La poésie d'Apollinaire à l'épreuve du journal
Résumé
Dans L’Esprit nouveau et les Poètes (1917) Apollinaire associe explicitement « la liberté encyclopédique » qu’il revendique pour la poésie aux innovations réalisées par les journaux dans la mise en forme du réel. En développant ces considérations, nous nous proposons d’aborder de plus près les relations entre le journal et le laboratoire poétique apollinarien, un aspect encore négligé dans les études consacrées aux échanges entre la littérature et la presse. On s’est concentré sur l’époque des Soirées de Paris (1912-1914) ; cette période coïncide avec une phase particulièrement féconde pour Apollinaire qui publie Alcools et Les Peintres cubistes (1913) et élabore « une esthétique toute neuve » dont il affirme n’avoir « plus retrouvé les ressorts », à l’origine de compositions expérimentales telles que les poèmes conversation et les calligrammes. Après avoir évoqué les enjeux à l’œuvre dans les rapports entre la poésie et le journal au début du siècle, on a analysé le rôle que l’esthétique du journal, matrice de formes et diffuseur de modèles textuels, a pu jouer dans l’élaboration de la modernité apollinarienne. L’exploration autour de textes emblématiques (« Zone », « Lundi rue Christine », « Lettre-Océan » et « Voyage ») a montré qu’Apollinaire a accueilli les défis lancés à la poésie par la civilisation médiatique en reprenant son bien au journal, dont il exploite les procédés et les ressorts (l’effet de mosaïque et de polyphonie cacophonique, les ressorts typographiques, la dislocation spatiale du texte) qu’il réinvestit dans sa recherche des formes nouvelles de l’expression poétique.

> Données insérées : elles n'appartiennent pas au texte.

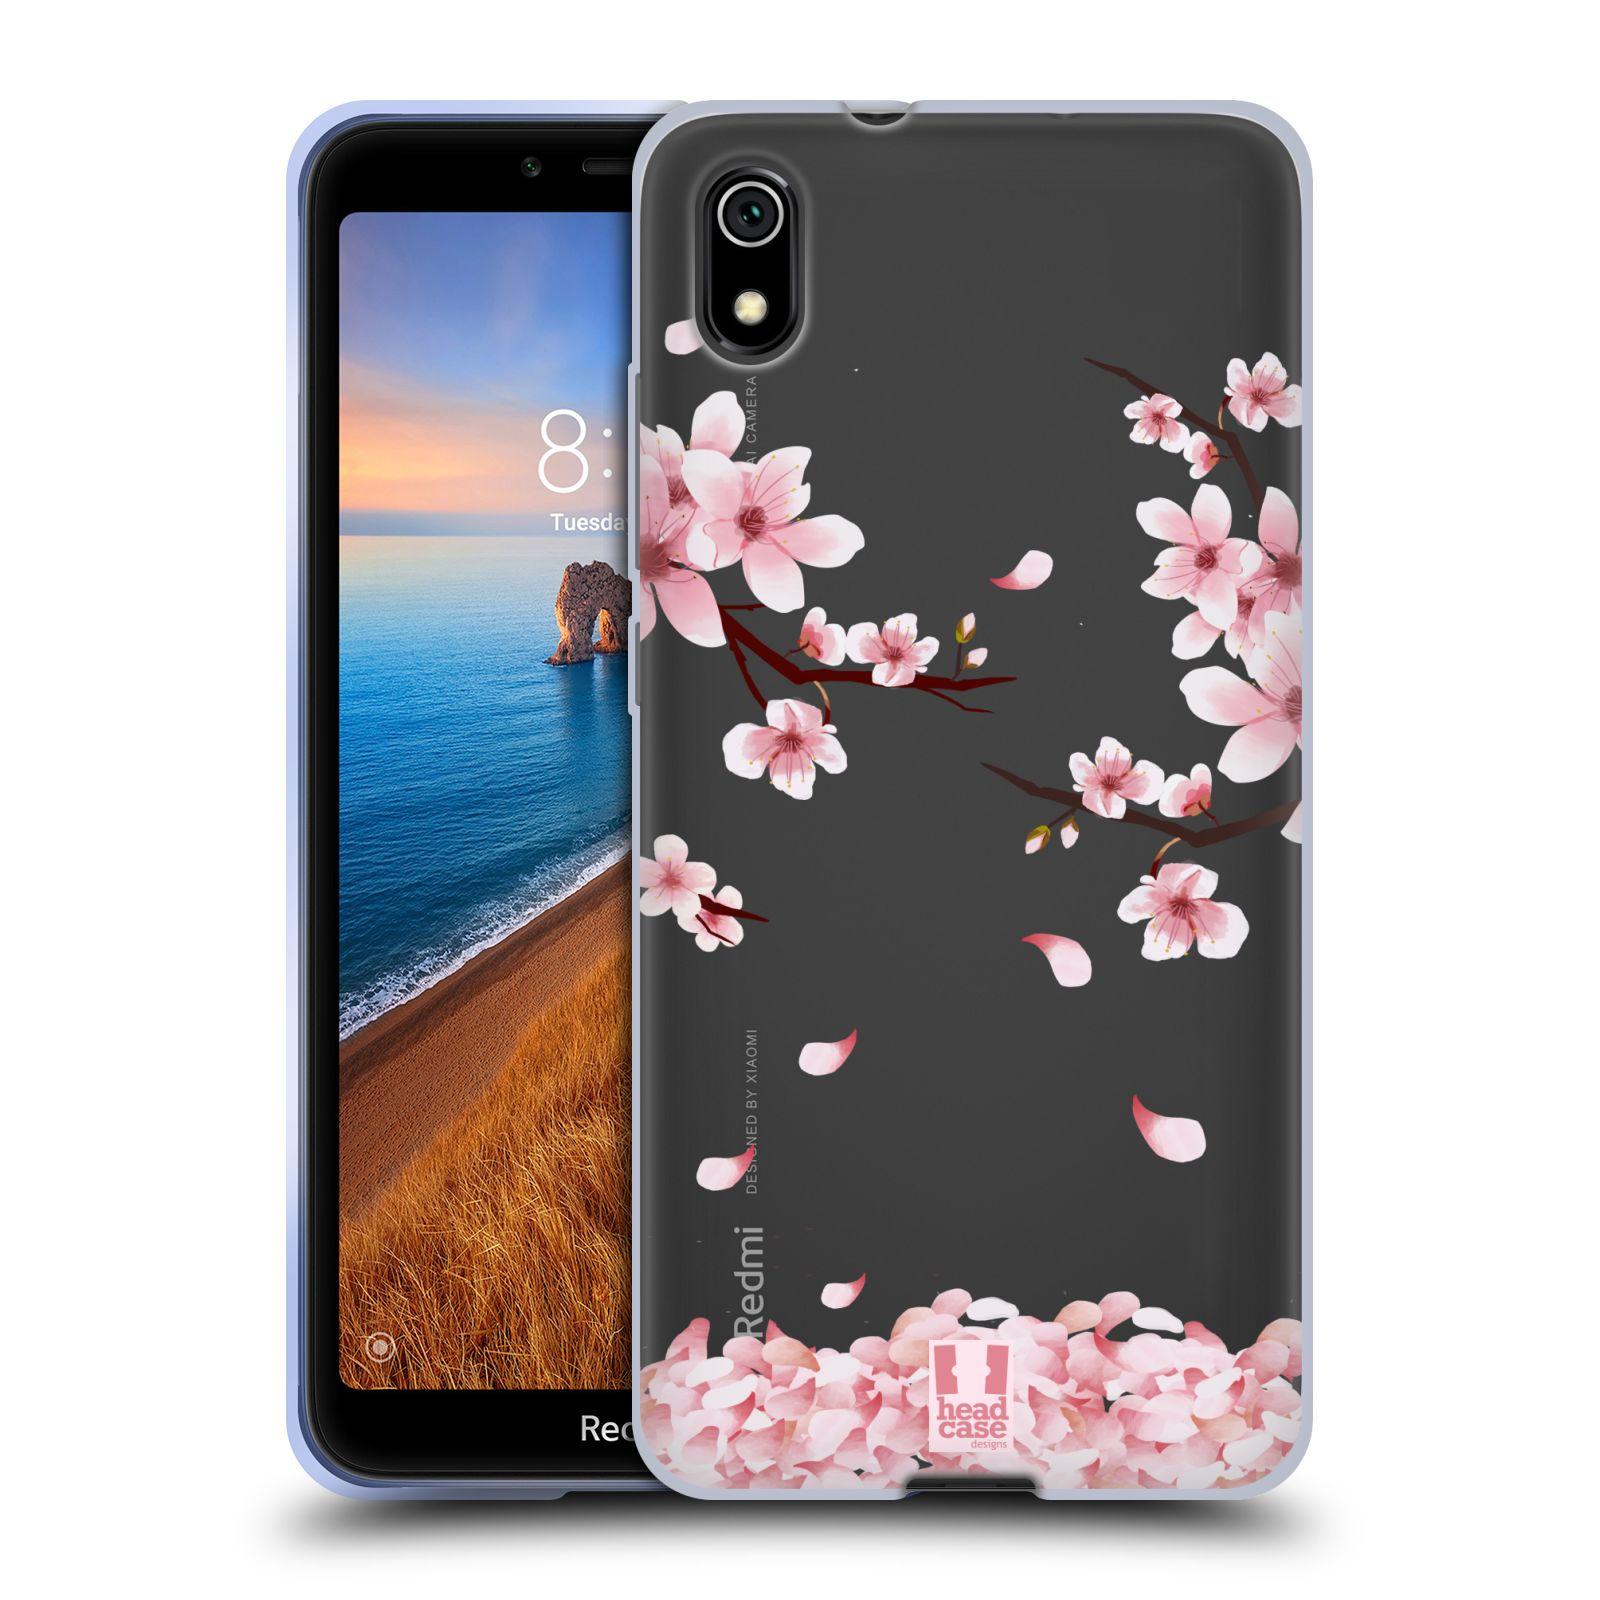 Silikonové pouzdro na mobil Redmi 7A - Head Case - Květy a větvičky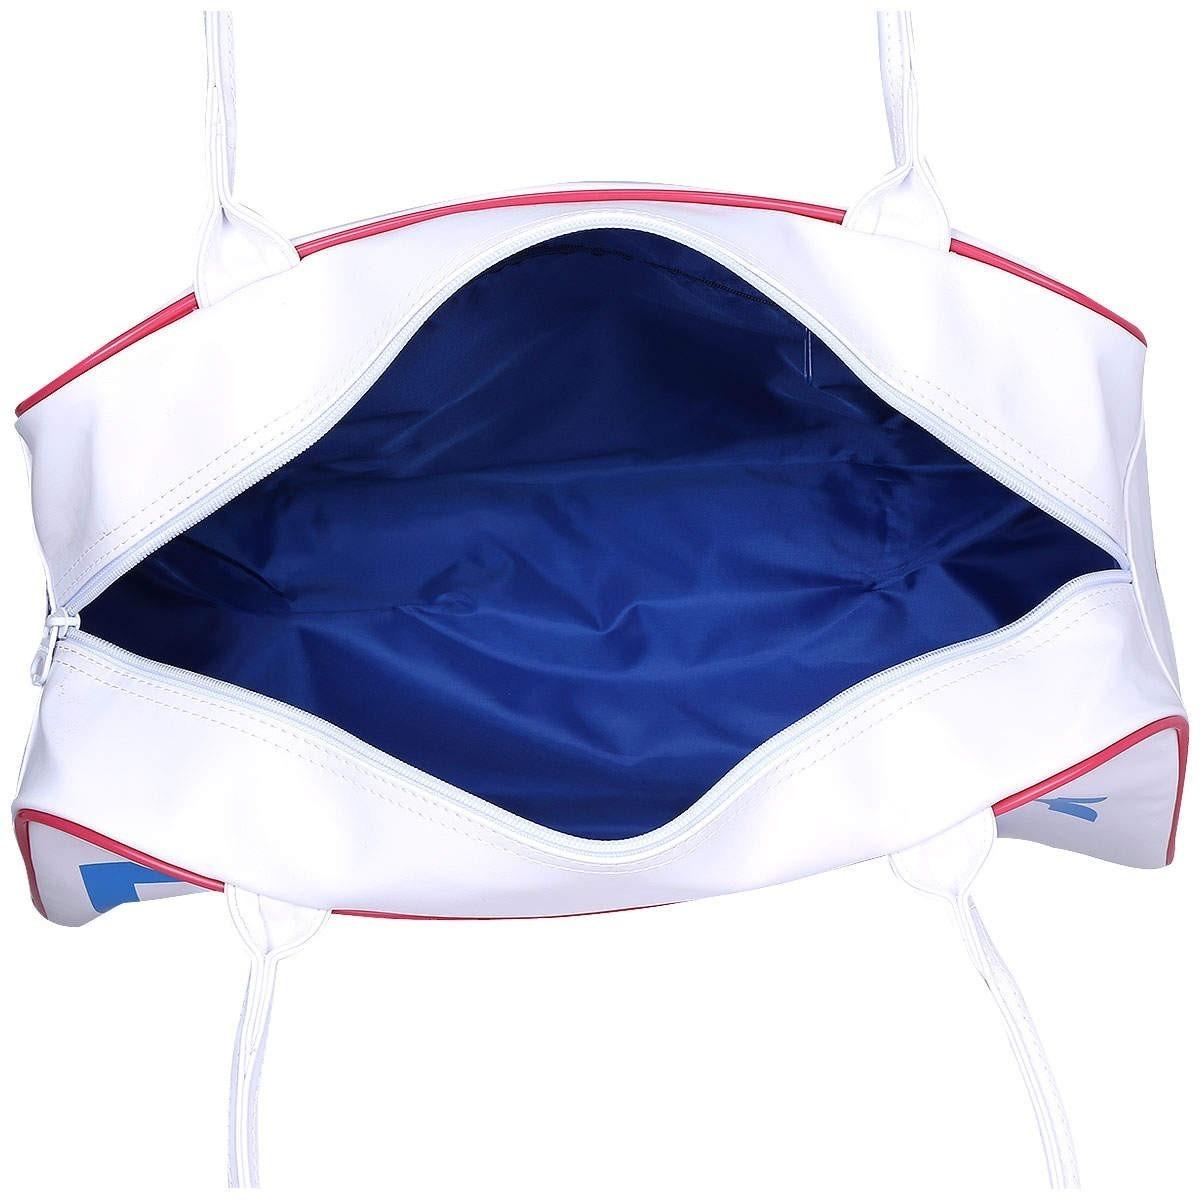 33645d2df Bolsa Reebok Duffle Cl Royal - Branco - R$ 89,00 em Mercado Livre

In L’Esprit Nouveau et les poètes (1917) Apollinaire explicitly associates “la liberté encyclopédique” he claims for poetry with innovations made by newspapers in the shaping of reality. In developing these suggestions, our purpose here is to examine the relations between the press and Apollinaire’s poetic laboratory, a still neglected subject in studies concerning exchanges between literature and the press. We focused on “Les Soirées de Paris” years (1912-1914); this period coincides with a particularly fertile poetic time for Apollinaire who publishes Alcools and Les Peintres cubistes (1913) and creates “une esthétique toute neuve”, source of experimental compositions such as poèmes conversation and calligrammes. After discussing the main issues involved in the relationship between poetry and the newspaper at the beginning of the century, we have analyzed the role that the press – considered as a matrix of textual models - could have played in the rise of Apollinaire’s modernist poetry. An investigation conducted on major texts such as « Zone », « Lundi rue Christine », « Lettre-Océan » and « Voyage » shows that Apollinaire accepted the challenge posed by media civilization by developing the main features of the modern newspaper (the mosaic effect and cacophonous polyphony, the typographical composition and the spatial dislocation of the text) that he reuses in his search for new poetic forms.